On Tue, 5 Jun 2018 11:57:47 -0700, Jakub Kicinski wrote:
> On Tue,  5 Jun 2018 11:04:03 +0300, Paul Blakey wrote:
> > When using a vxlan device as the ingress dev, we count it as a
> > "no offload dev", so when such a rule comes and err stop is true,
> > we fail early and don't try the egdev route which can offload it
> > through the egress device.
> > 
> > Fix that by not calling the block offload if one of the devices
> > attached to it is not offload capable, but make sure egress on such case
> > is capable instead.
> > 
> > Fixes: caa7260156eb ("net: sched: keep track of offloaded filters [..]")
> > Reviewed-by: Roi Dayan <roid@mellanox.com>
> > Acked-by: Jiri Pirko <jiri@mellanox.com>
> > Signed-off-by: Paul Blakey <paulb@mellanox.com>  
> 
> Very poor commit message.  What you're doing is re-enabling skip_sw
> filters on tunnel devices which semantically make no sense and
> shouldn't have been allowed in the first place.
> 
> This will breaks block sharing between tunnels and HW netdevs (because
> you skip the tcf_block_cb_call() completely).  The entire egdev idea
> remains badly broken accepting filters like this:
> 
> # tc filter add dev vxlan0 ingress \
> 	matchall action skip_sw \
> 		mirred egress redirect dev lo \
> 		mirred egress redirect dev sw1np0

For above we probably need something like this (untested):

diff --git a/net/sched/act_api.c b/net/sched/act_api.c
index 3f4cf930f809..71e5eebec31a 100644
--- a/net/sched/act_api.c
+++ b/net/sched/act_api.c
@@ -1511,7 +1511,7 @@ int tc_setup_cb_egdev_call(const struct net_device *dev,
        struct tcf_action_egdev *egdev = tcf_action_egdev_lookup(dev);
 
        if (!egdev)
-               return 0;
+               return err_stop ? -EOPNOTSUPP : 0;
        return tcf_action_egdev_cb_call(egdev, type, type_data, err_stop);
 }
 EXPORT_SYMBOL_GPL(tc_setup_cb_egdev_call);

But the correct fix is to remove egdev crutch completely IMO.

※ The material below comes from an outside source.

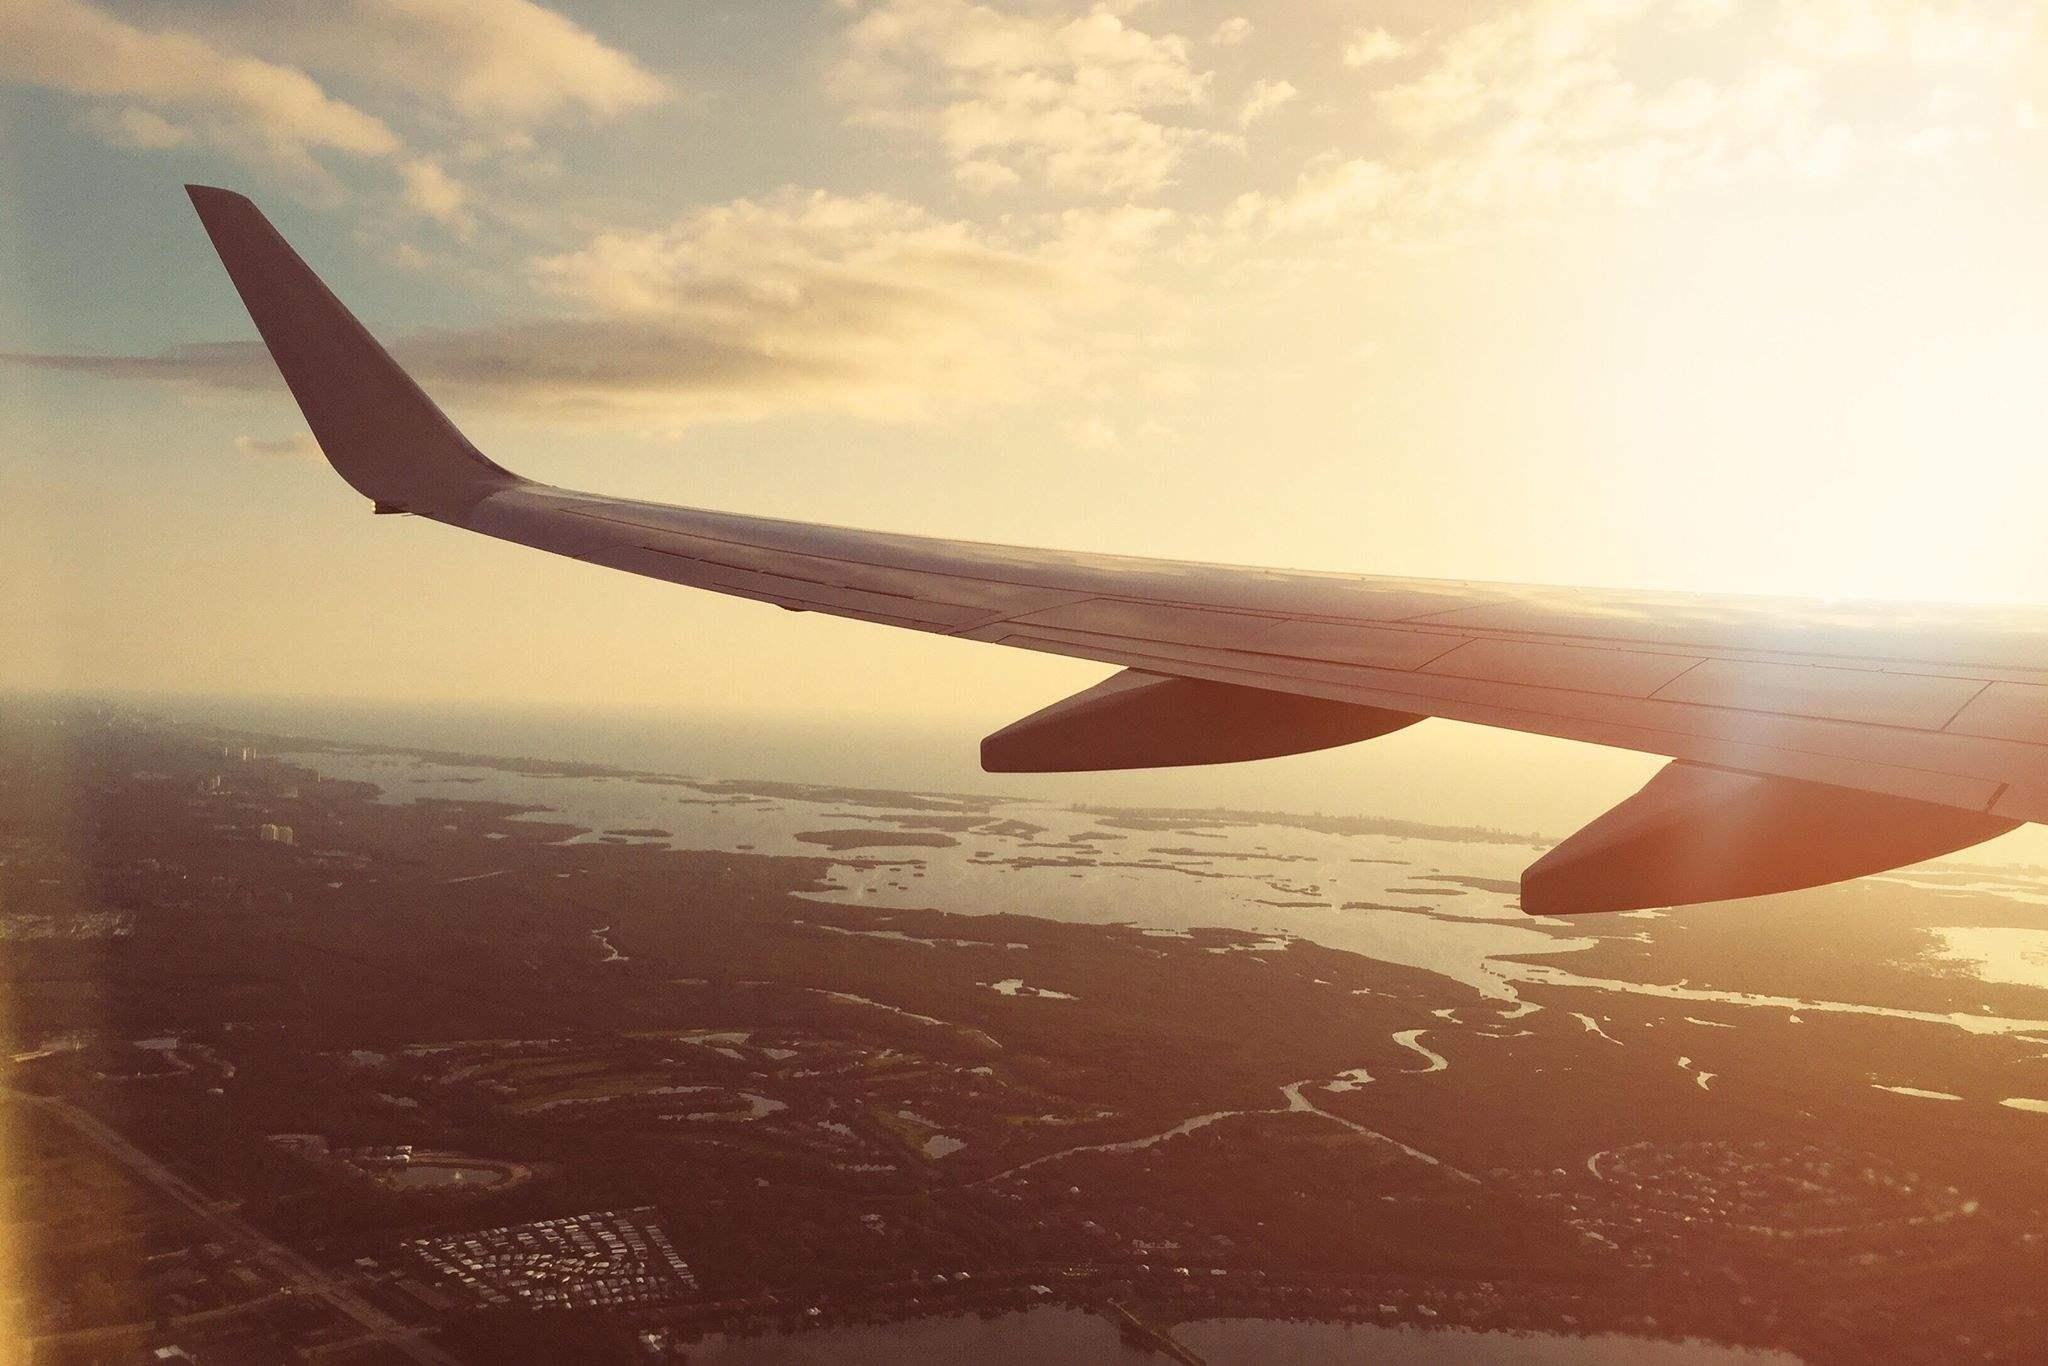 Leaving Australia - International Travel Ban and Exemptions

^ permalink raw reply related	[flat|nested] 14+ messages in thread

* Re: [PATCH net] net: sched: cls: Fix offloading when ingress dev is vxlan
  2018-06-05 18:57 ` Jakub Kicinski
  2018-06-05 18:59   ` Jakub Kicinski
@ 2018-06-05 19:06   ` David Miller
  2018-06-05 21:27     ` Jakub Kicinski
  1 sibling, 1 reply; 14+ messages in thread
From: David Miller @ 2018-06-05 19:06 UTC (permalink / raw)
  To: kubakici
  Cc: paulb, jiri, xiyou.wangcong, jhs, netdev, kliteyn, roid, shahark,
	markb, ogerlitz

From: Jakub Kicinski <kubakici@wp.pl>
Date: Tue, 5 Jun 2018 11:57:47 -0700

> Do we still care about correctness and not breaking backward
> compatibility?

Jakub let me know if you want me to revert this change.

^ permalink raw reply	[flat|nested] 14+ messages in thread

* Re: [PATCH net] net: sched: cls: Fix offloading when ingress dev is vxlan
  2018-06-05 19:06   ` David Miller
@ 2018-06-05 21:27     ` Jakub Kicinski
  2018-06-06  5:15       ` Or Gerlitz
                         ` (2 more replies)
  0 siblings, 3 replies; 14+ messages in thread
From: Jakub Kicinski @ 2018-06-05 21:27 UTC (permalink / raw)
  To: David Miller
  Cc: paulb, jiri, xiyou.wangcong, jhs, netdev, kliteyn, roid, shahark,
	markb, ogerlitz

On Tue, 05 Jun 2018 15:06:40 -0400 (EDT), David Miller wrote:
> From: Jakub Kicinski <kubakici@wp.pl>
> Date: Tue, 5 Jun 2018 11:57:47 -0700
> 
> > Do we still care about correctness and not breaking backward
> > compatibility?  
> 
> Jakub let me know if you want me to revert this change.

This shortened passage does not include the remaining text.